Work order -
Leave every picture out, then reproduce the rest of the listing exactly.

Provided data -
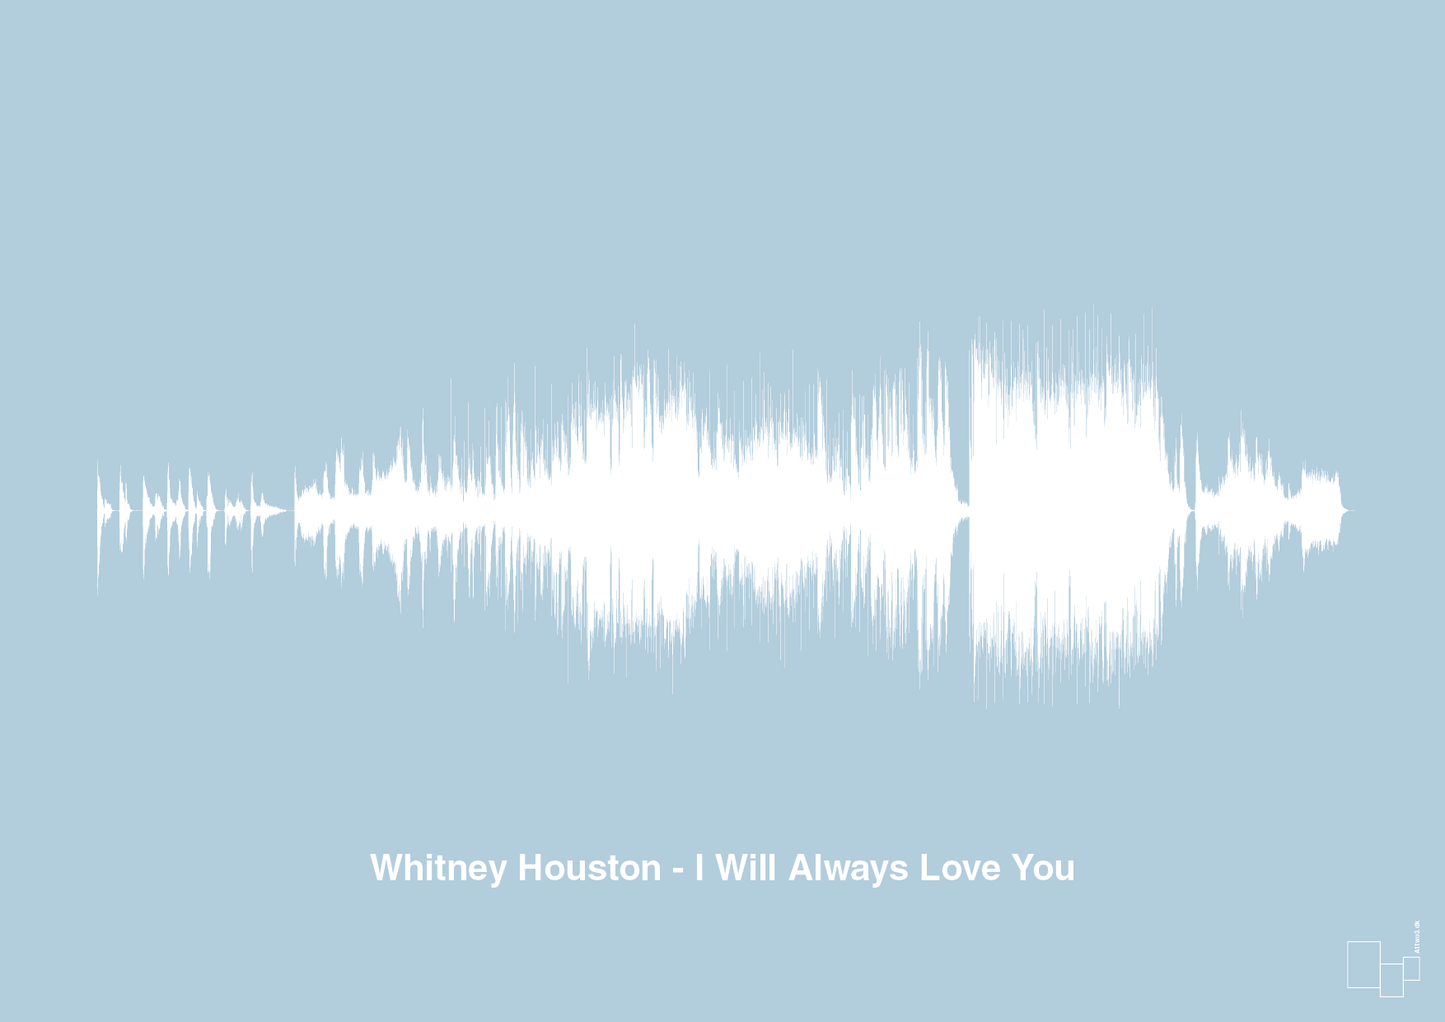 whitney houston - i will always love you - Plakat med Musik i Heavenly Blue
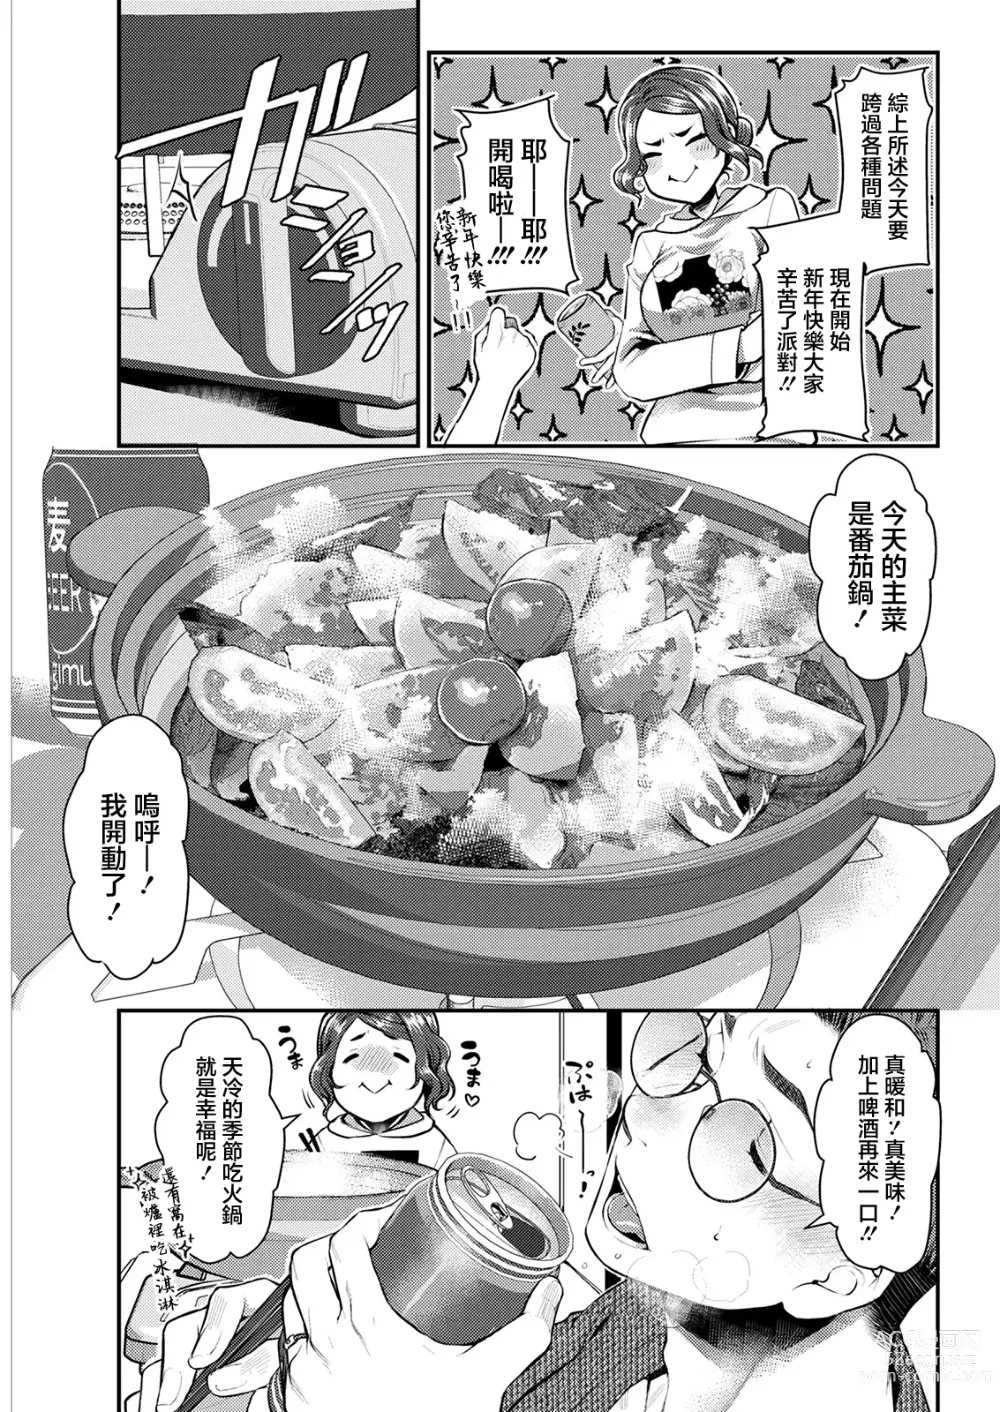 Page 3 of manga Sex x Meshi #5 Tomato Nabe
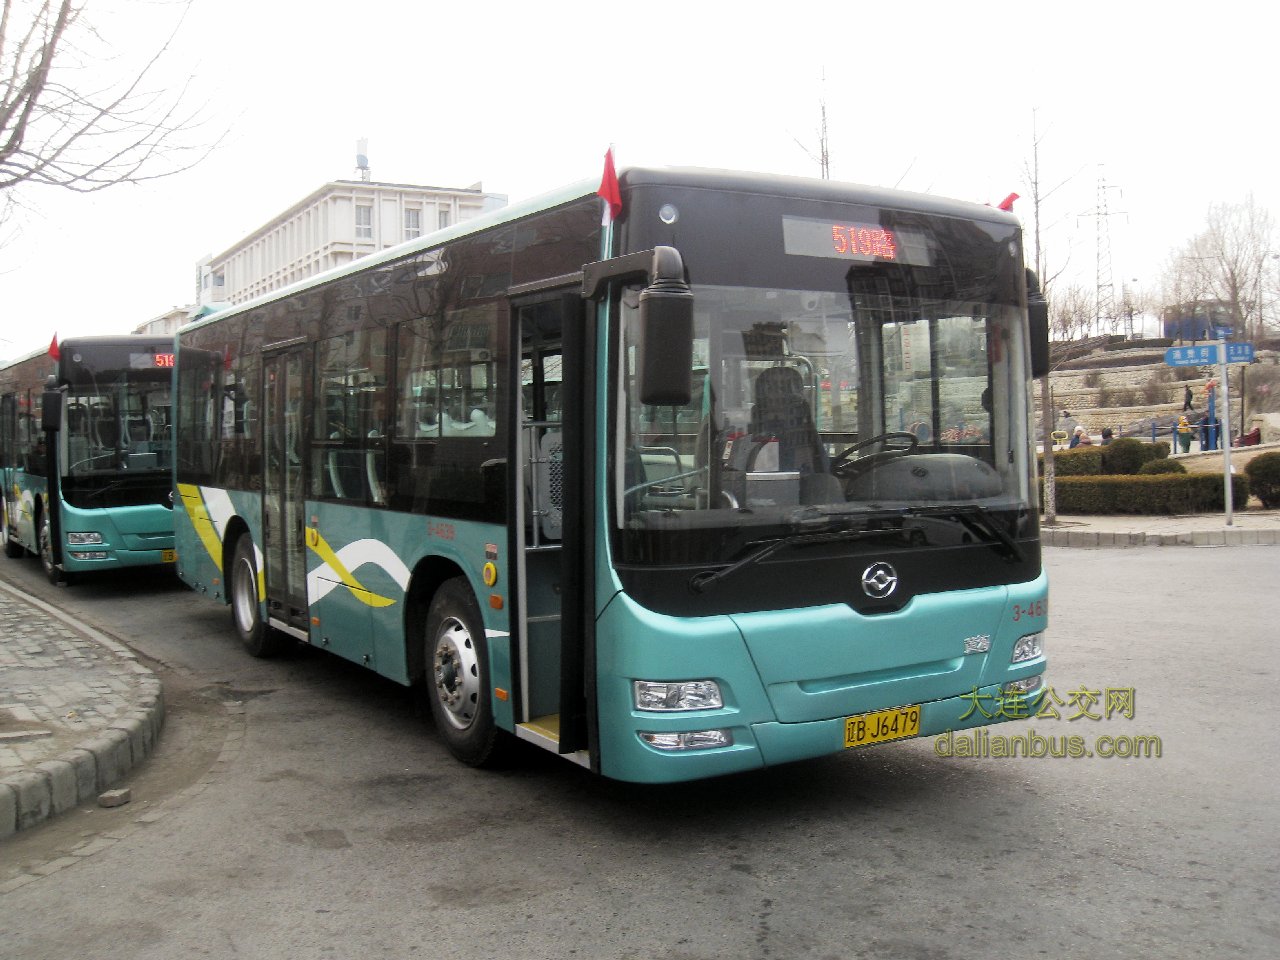 照片集--dl--公交车型(3) - 大连公交版 - 公交迷网 -; 大连市公交
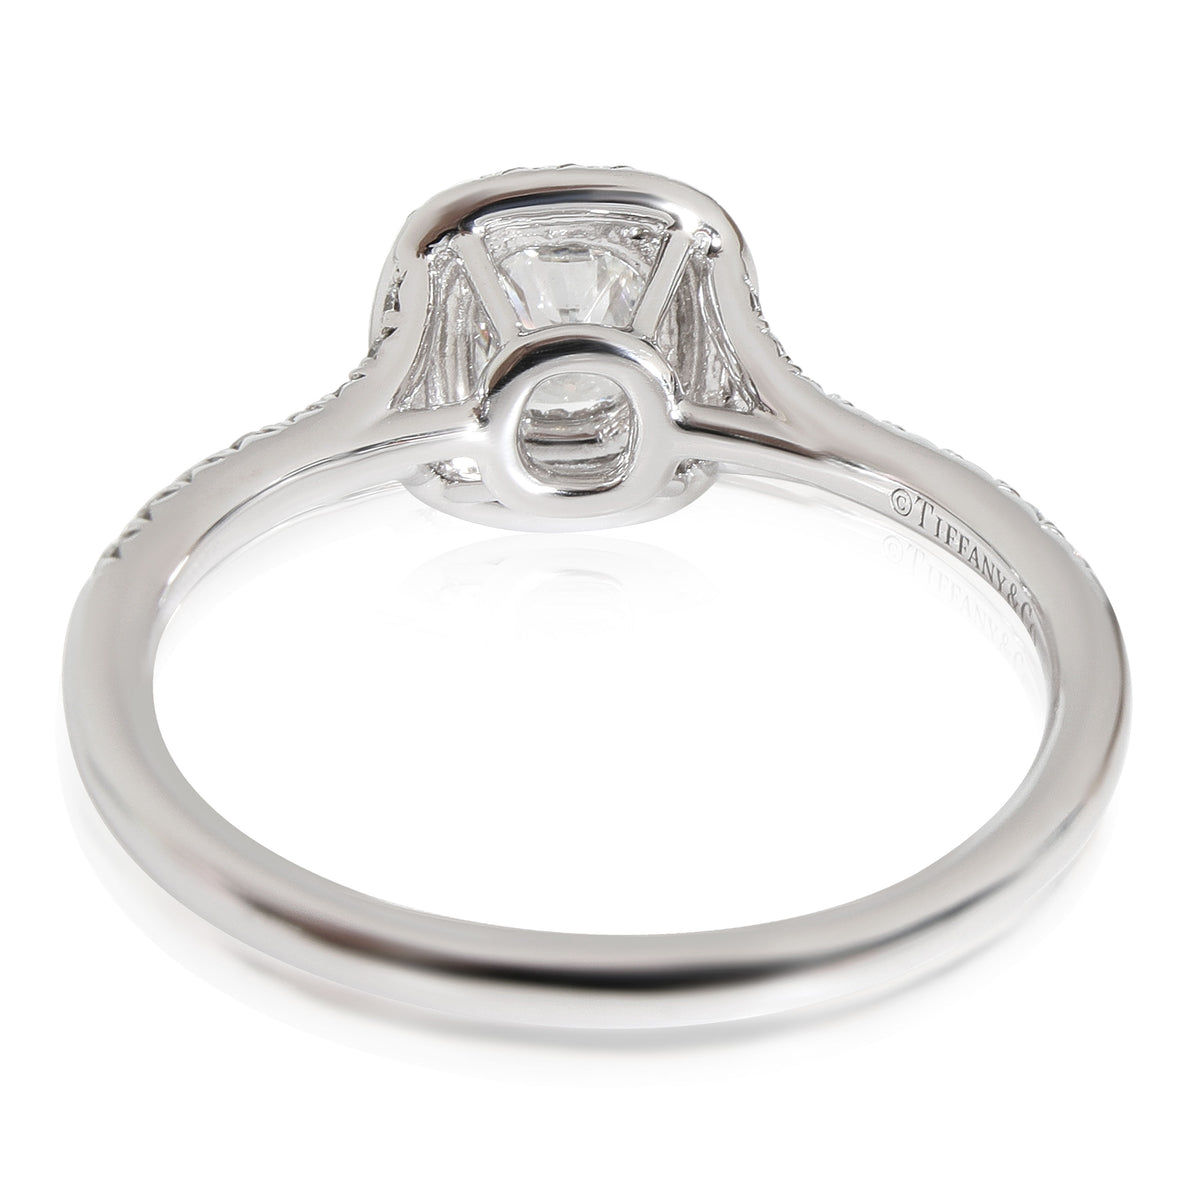 Tiffany & Co. Soleste Diamond Engagement Ring in Platinum F VS1 0.80 ctw

Solution below -
 whitney houston - i will always love you - Plakat med Musik i Heavenly Blue
 Page 3 of manga Sex x Meshi #5 Tomato Nabe
 照片集--dl--公交车型(3) - 大连公交版 - 公交迷网 -; 大连市公交
 Tiffany & Co. Soleste Diamond Engagement Ring in Platinum F VS1 0.80 ctw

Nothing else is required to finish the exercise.